Such as Fig. 1, melamine powder is divided into several groups by mono- group of 10g, be used alternatingly respectively 100ml deionized water and
100ml dehydrated alcohol is cleaned by ultrasonic 30min at 50 DEG C, and suspension is then transferred to another beaker, outwells bottom dispersion
Uneven object and sediment are dried at 60 DEG C, are smashed to pieces uniformly, be put into the crucible of 50ml, the ultrasonic vibration in supersonic cleaning machine
30min makes melamine powder be evenly distributed, wherein 4 groups are pressed 2 DEG C, 4 DEG C, 6 DEG C and 8 DEG C of heating rate respectively, at least 3 groups
By 10 DEG C of heating rate, be heated at the same position that is individually positioned in Muffle furnace 550 DEG C then heat preservation 180min produce
g-C3N4Solid, the heater strip in Muffle furnace are distributed in furnace body two sides, distance phase of the position far from both sides heater strip that crucible is placed
Deng, the temperature gradient distribution in crucible is as shown in Figure 2.
The g-C that will be prepared3N4Solid takes out, and is cut into energy along parallel temperature gradient direction and vertical temperature gradient direction
The maximum square block accessed guarantees that the amount cut off in each direction is of substantially equal as far as possible, label each surface of square block with
There are 4 parallel temperature gradient direction sections and 2 vertical temperature gradient directions to cut for relationship between temperature gradient, the square block
Face then takes out cooled to room temperature, for use with each section is uniformly coated after the submergence of the transparent paraffin of fusing.

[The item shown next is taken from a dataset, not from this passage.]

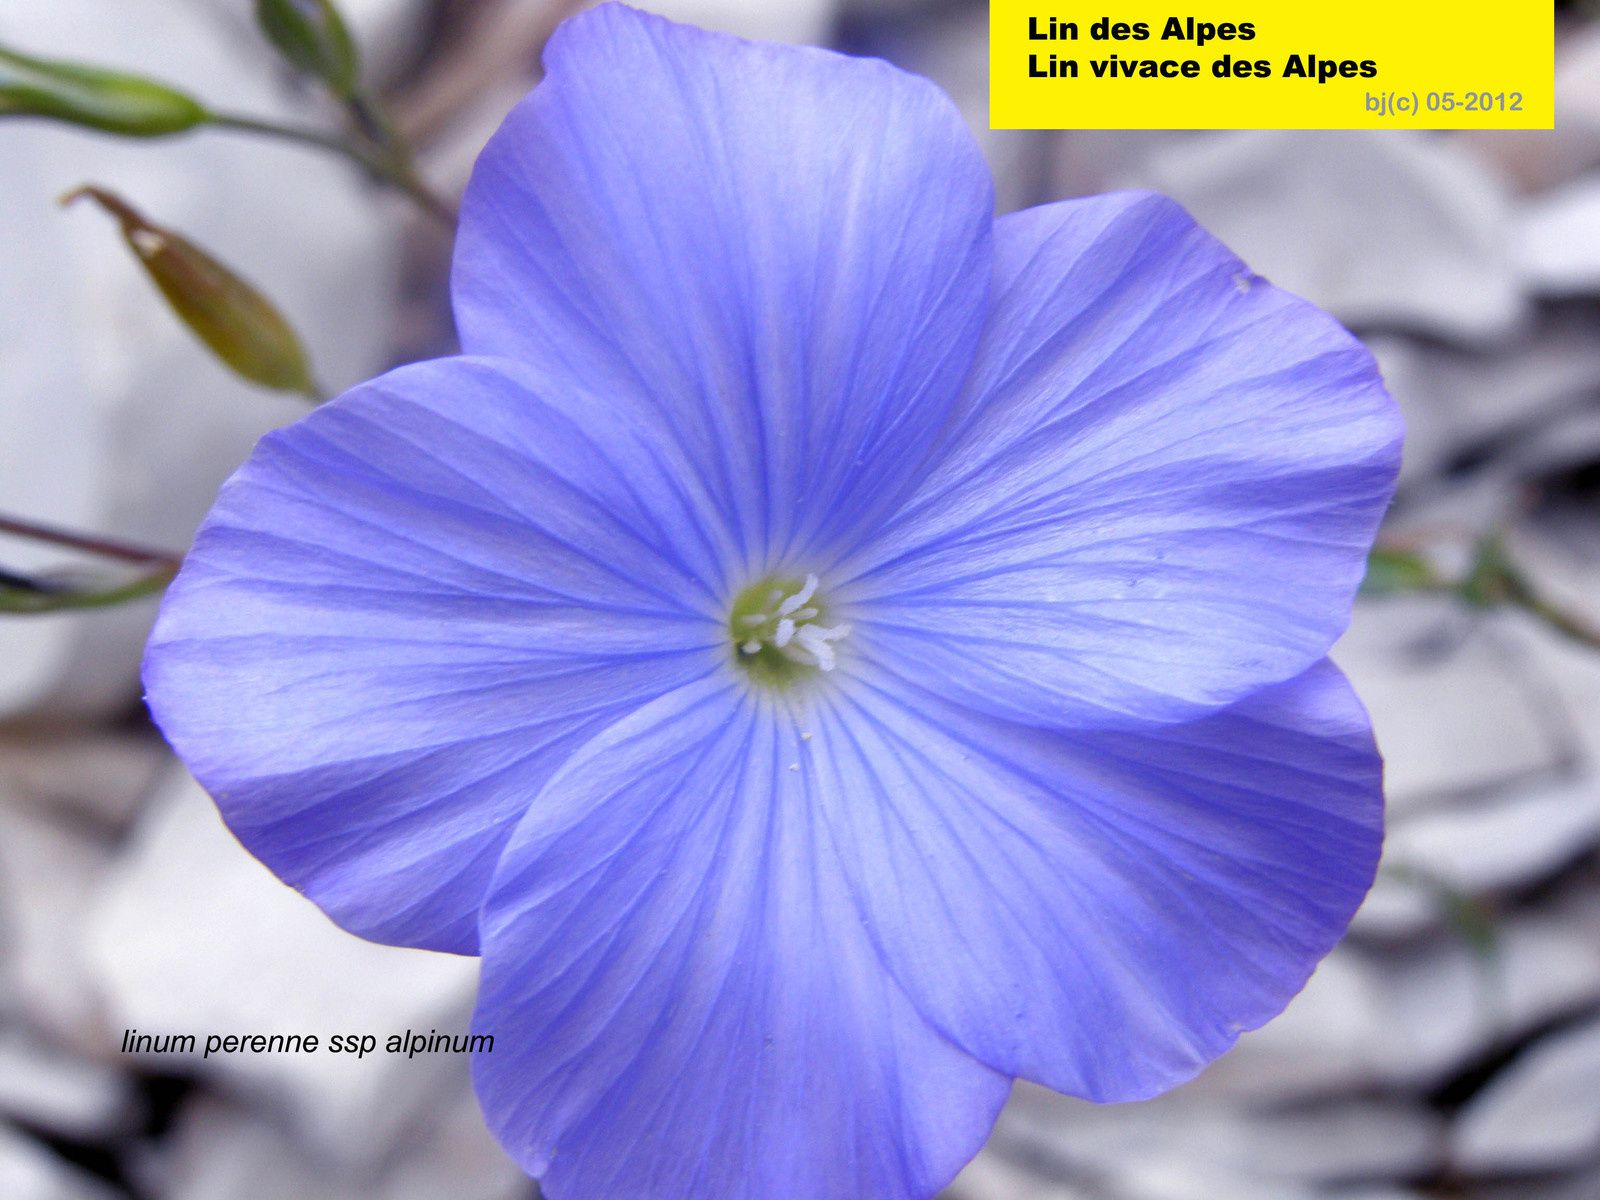 LIN - des -ALPES-ber.dranreb04.overblog.com/
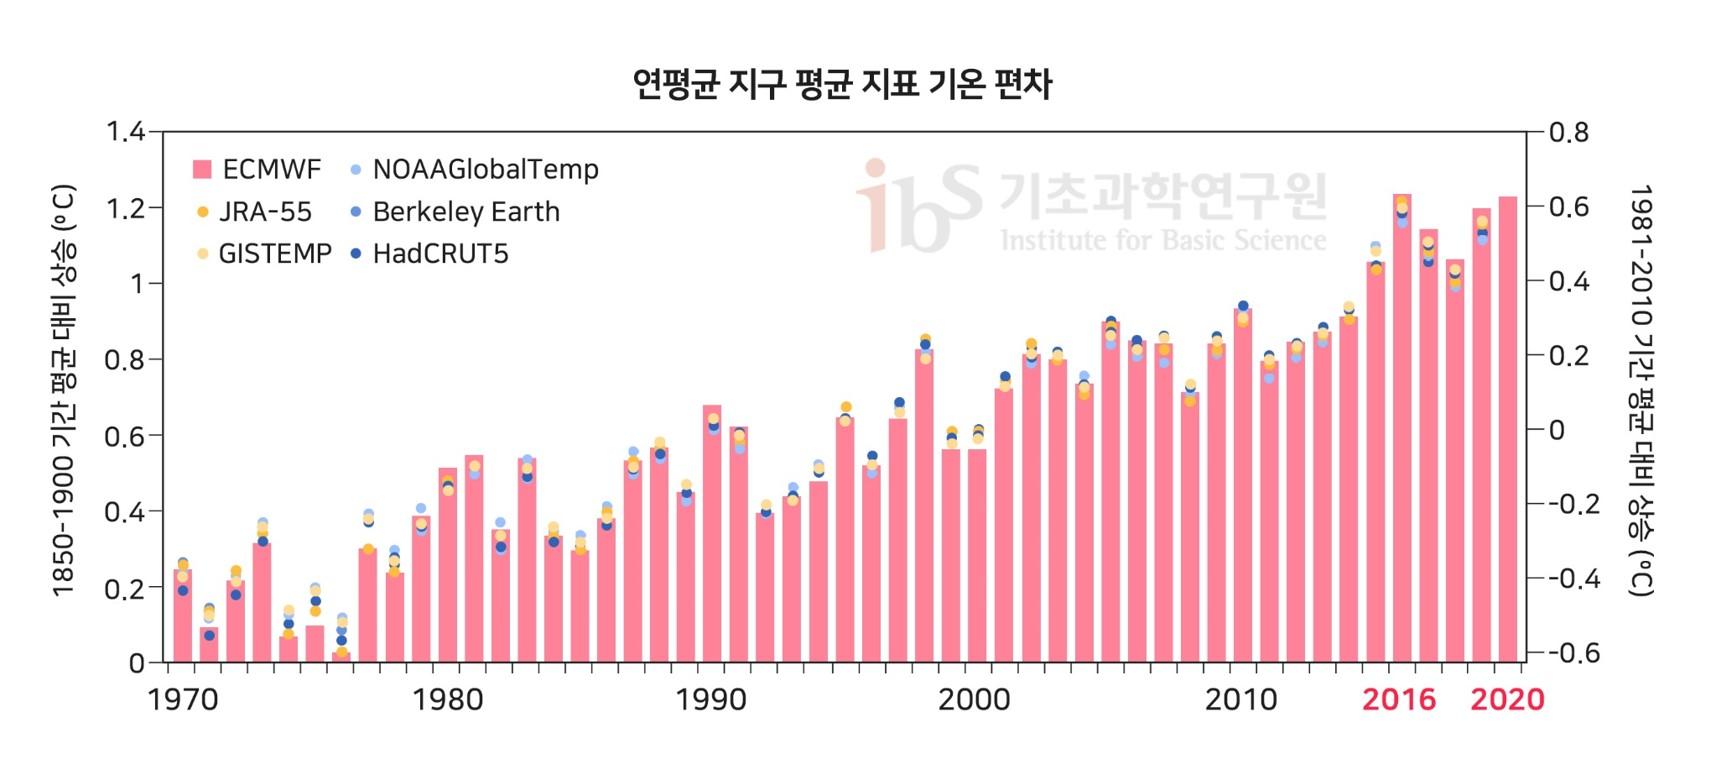 그림2. 1970년부터 2020년까지 연평균 지구 지표 기온 상승값을 나타낸 그래프

Photocatalytic degradation RhB experiment:
Such as Fig. 3, Fig. 4, taking one piece of heating rate is 10 DEG C of g-C3N4Solid square block carries out under an atomic force microscope
Observation, on the section in vertical temperature gradient direction, this it appears that sample shows stratiform along left and right directions in 3D figure
It is distributed, clearer can find out that two-dimensional layered structure shows the distribution of rule from the lower left corner to the upper right corner in 2 d plane picture
Transition.
On the section in parallel temperature gradient direction, 3D figure is with 2 d plane picture this it appears that the two-dimensional surface of sample
Structure is two dimension g-C3N4It piles up, forms a sharp contrast with Fig. 3.2 d plane picture clearer can find out its edge
Temperature gradient show certain two-dimensional layered structure.Pass through the comparison of Fig. 3 and Fig. 4, it can be deduced that g-C3N4Two-dimensional surface
It is grown along the direction of temperature gradient, and high activity face is then perpendicular to temperature gradient.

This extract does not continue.